What is lazy loading?

Lazy loading is a data-accessing technique whereby resources are loaded only when needed. Resources in this case include videos, images, scripts, or components. If you were scrolling on a webpage, for example, an image on that page would only load once you scroll to it.

Lazy loading is a good way of improving user experience and performance because queries made to the server are kept minimal, and the application only focuses on running operations that are needed at that moment.

Benefits of lazy loading

Faster load times: Because the fetching and loading of resources are being prioritized, when a page loads for the first time, the initial load time is much faster
Improved user experience: Imagine opening up a webpage and waiting for up to a minute for the page to completely load. With resources being loaded only when they are required, this problem can easily be avoided. Lazy loading reduces wait time, thereby increasing customer satisfaction
Reduction in bandwidth usage: Bandwidth is the amount of data that is being transferred between the client and the server per second. With lazy loading, there is a significant reduction in bandwidth usage because not all resources are being loaded at once
Increase in performance: When a page has too much to load, the browser takes its time to make sure that the content is delivered the way it should be. This can sometimes cause poor rendering of layouts and slow performance. With the lazy loading approach, browsers do not need to do too much work to ensure that the page is loaded correctly

Disadvantages of lazy loading

The lazy loading approach is not ideal for cases where the data in one part of an application depends on another
With lazy loading, more database calls are made, as compared to other techniques. This is because data is not fetched all at once, but has to continuously be fetched at different points in time within the application

What is eager loading?

With eager loading, all resources required for the running of the application are loaded upfront. Once the page initially loads, all images, scripts, and components are fetched from the server.
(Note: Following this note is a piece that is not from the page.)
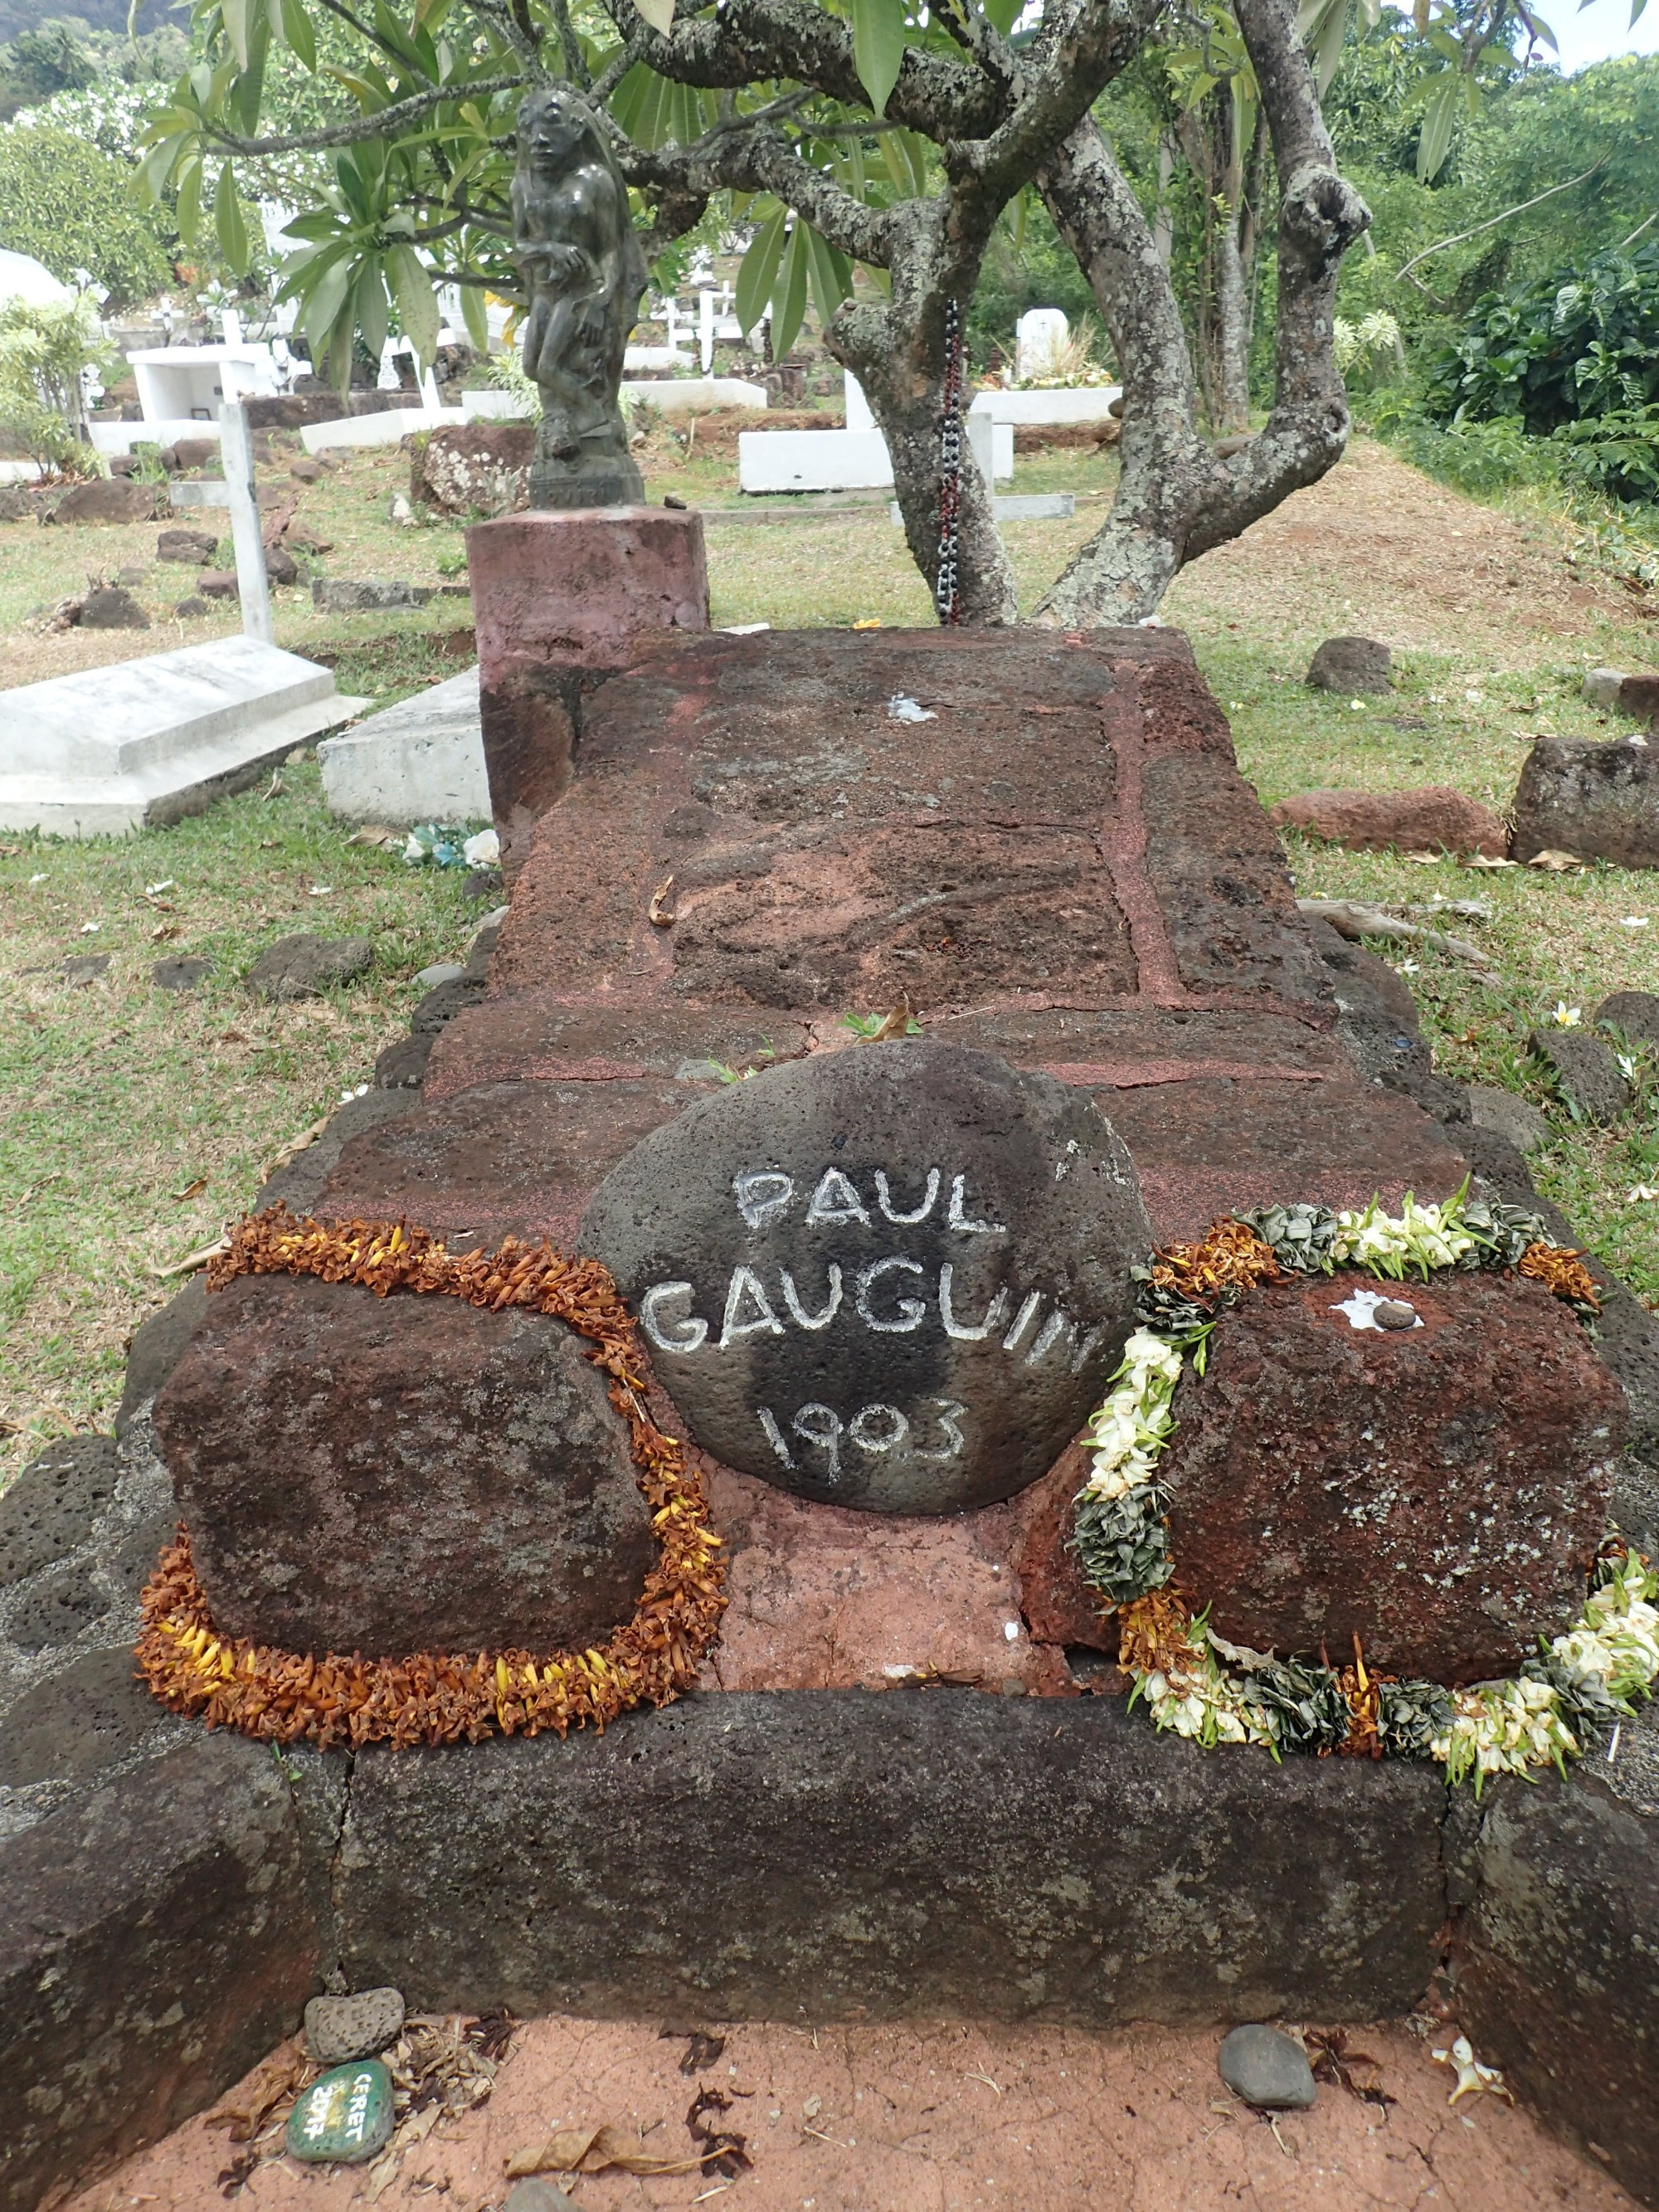 Gauguin Tomb, Французская Полинезия
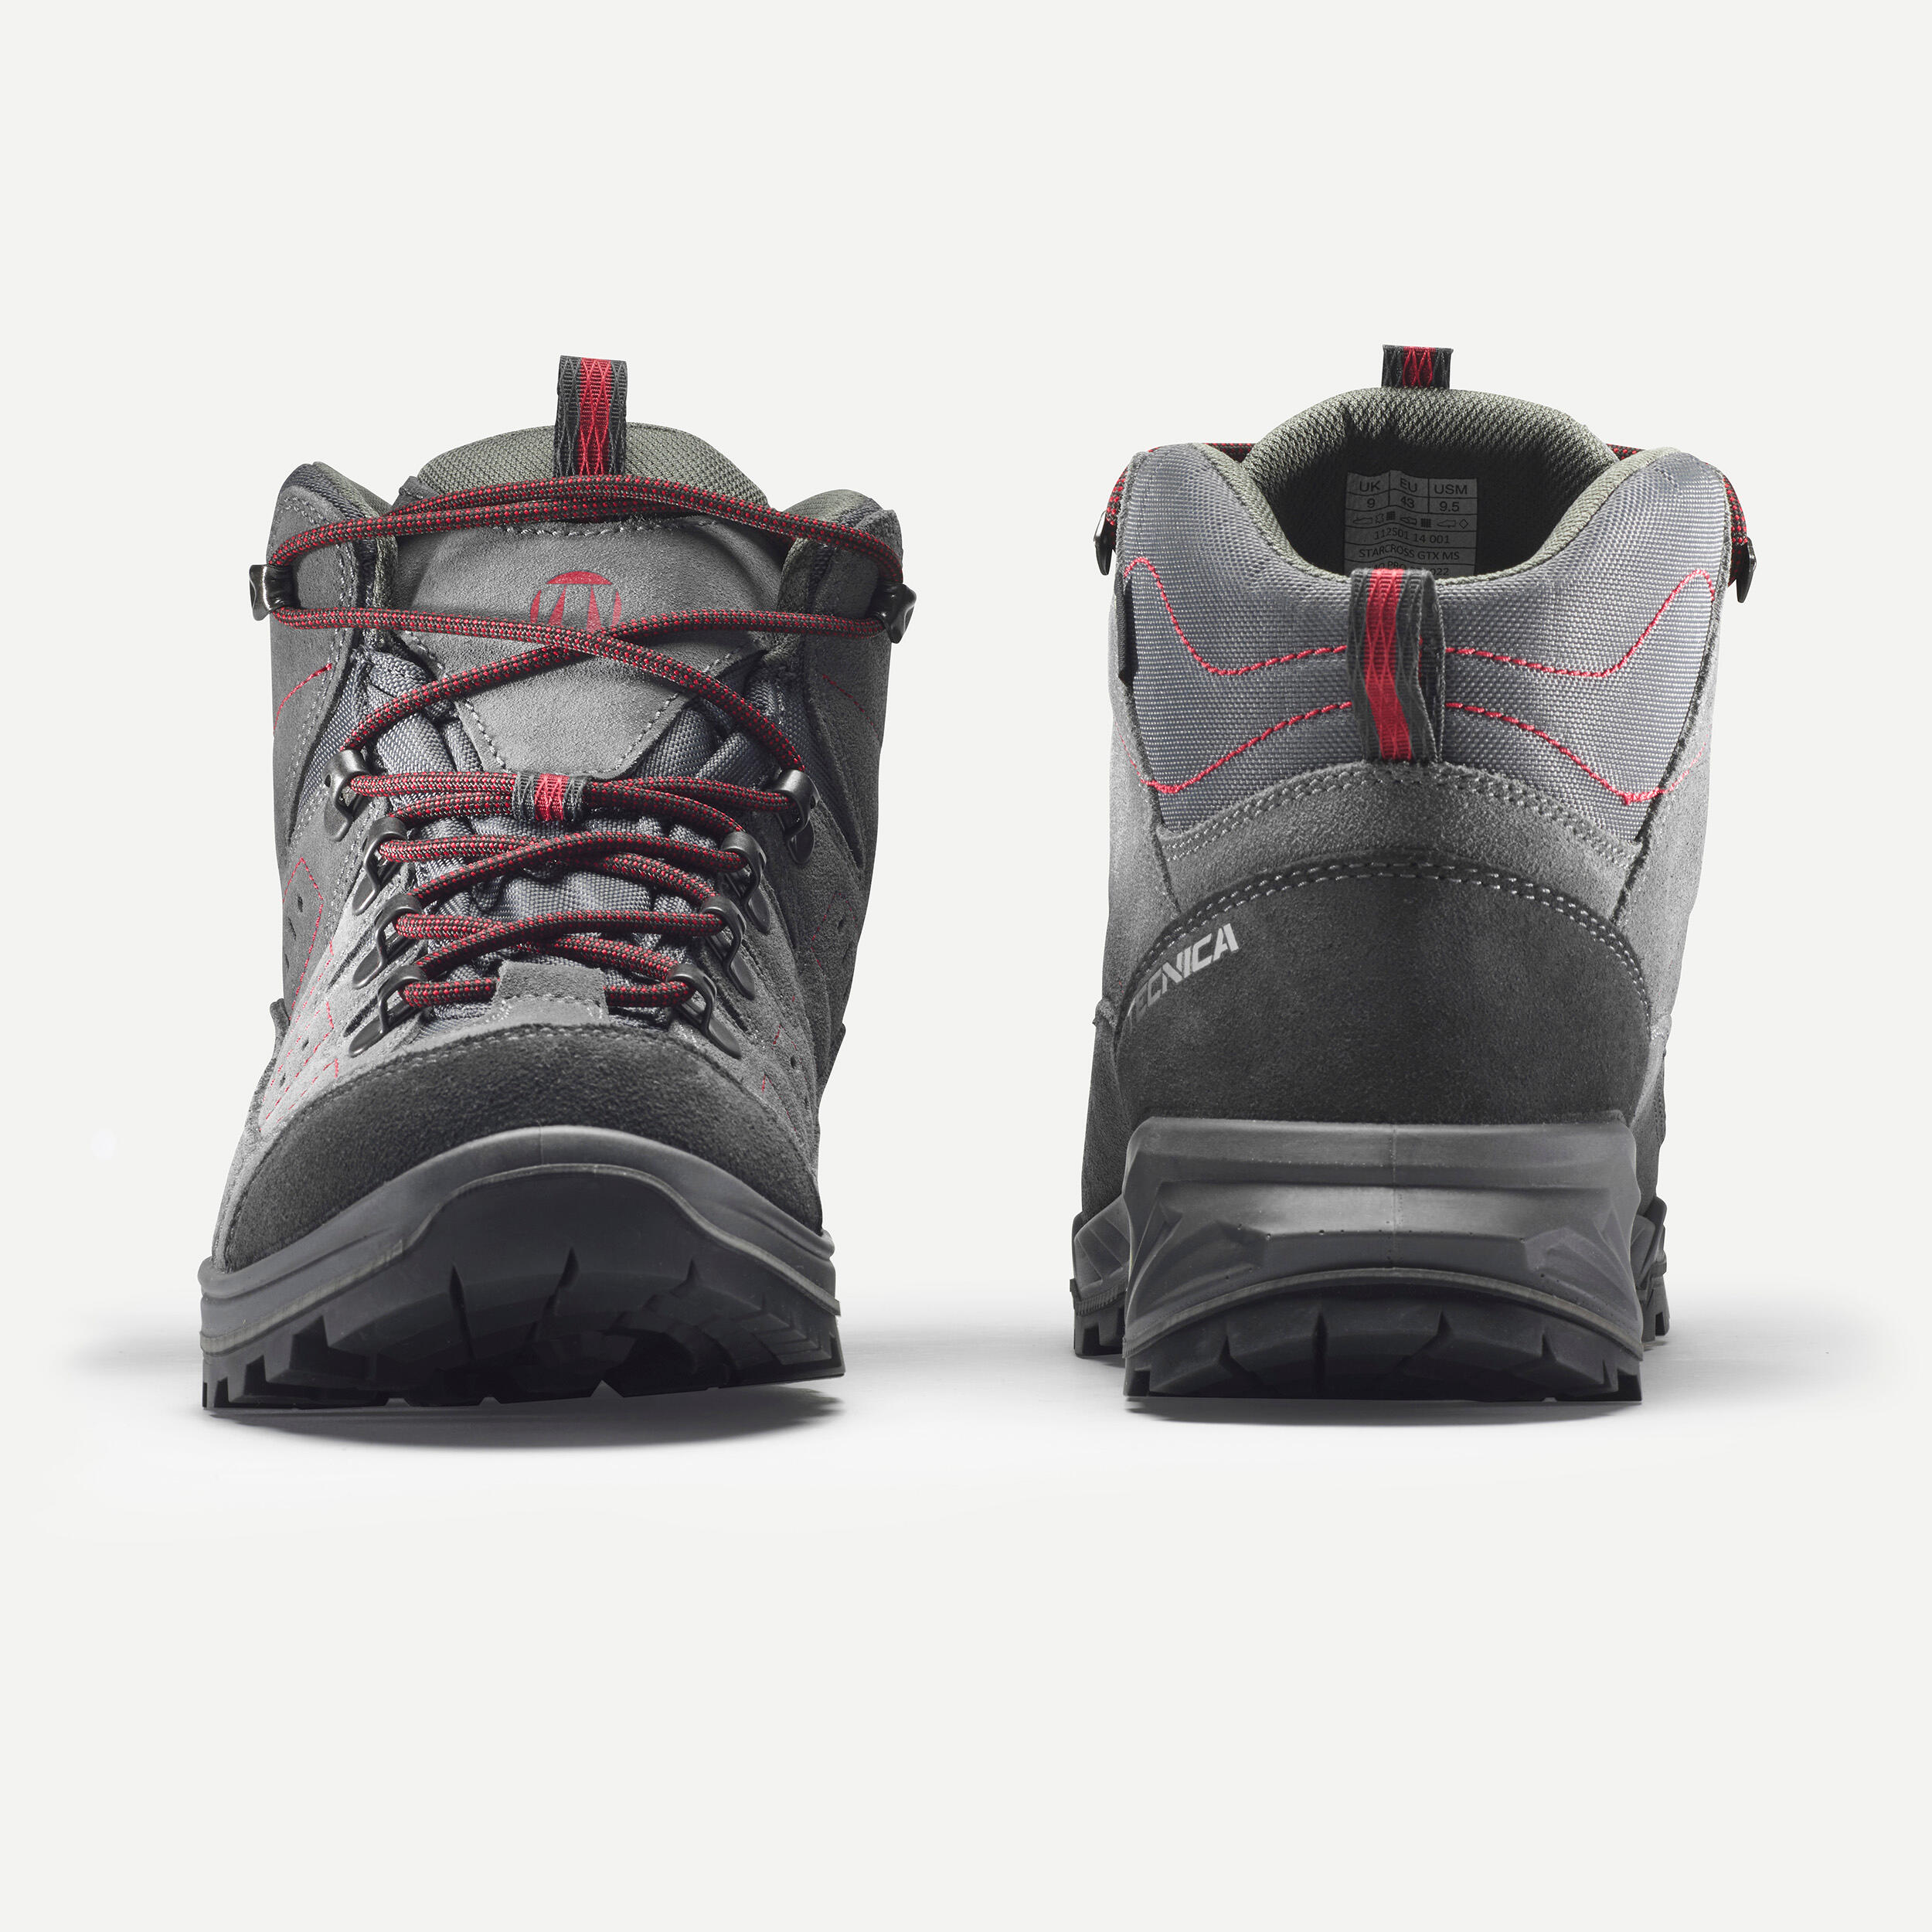 Men’s Waterproof Boots - VIBRAM - GTX - TECNICA STARCROSS Grey 2/6

Eager loading is particularly beneficial in applications where data in one part of the app is required for other parts within the app. This is common in dashboard applications.

Benefits of eager loading

Lesser database queries: Unlike the lazy loading strategy, eager loading involves fewer database queries. Because all resources are loaded at once, the client does not repeatedly have to query the backend to load other parts of the page
Simplified code: Unlike lazy loading, eager loading avoids the need to explicitly find ways to defer the loading of resources. This approach therefore involves simpler and less complex code
Data consistency: Eager loading ensures data consistency as all related data is fetched at once. This is useful in scenarios where processes modify data in the background between queries.

Disadvantages of eager loading

Increase in bandwidth usage, as the amount of data sent between the client and server per second at the initial load time is high
With the eager loading approach, there are slower initial load times and wait times
When not properly implemented, eager loading can impair application performance. The browser suddenly has to manage a lot of data at the same time and ensure that layouts are displayed properly
With eager loading, there is usually unnecessary fetching of data. Imagine a social media application whereby there is a users table and a posts table, and we want to fetch them both in one query. In the case where we need to fetch a user’s name and their latest post, eager loading would fetch unnecessary data (all posts from that user), leading to over-fetching and performance issues

Differences between lazy and eager loading

Lazy loading	Eager loading
Loads data only when it is accessed for the first time	Loads all related data at the initial load time
Results in more database queries, as each related data access triggers a fetch from the database	Results in fewer database queries, as all related data access is fetched upfront
Uses less memory, as data is accessed only when it is needed	May increase memory usage as all data is loaded upfront
Code is more complex, as you need to handle cases where additional resources are to be loaded from the database	Code is simplified here, as there is no need to explicitly define any edge cases
Provides more control, allowing you to decide when to load data, which can be beneficial in scenarios with conditional data access	Offers less control over when data is being fetched, because all data resources are being fetched at once
Better used in scenarios where data is rarely accessed and is needed only at the time when it should be loaded	Used in scenarios where data is continuously accessed and is always needed

Lazy loading in React

Single-page application (SPA) frameworks like React have default methods of implementing lazy and eager loading. By using Suspense and the React.lazy function in React, we can see how to load a component at will, by clicking a button.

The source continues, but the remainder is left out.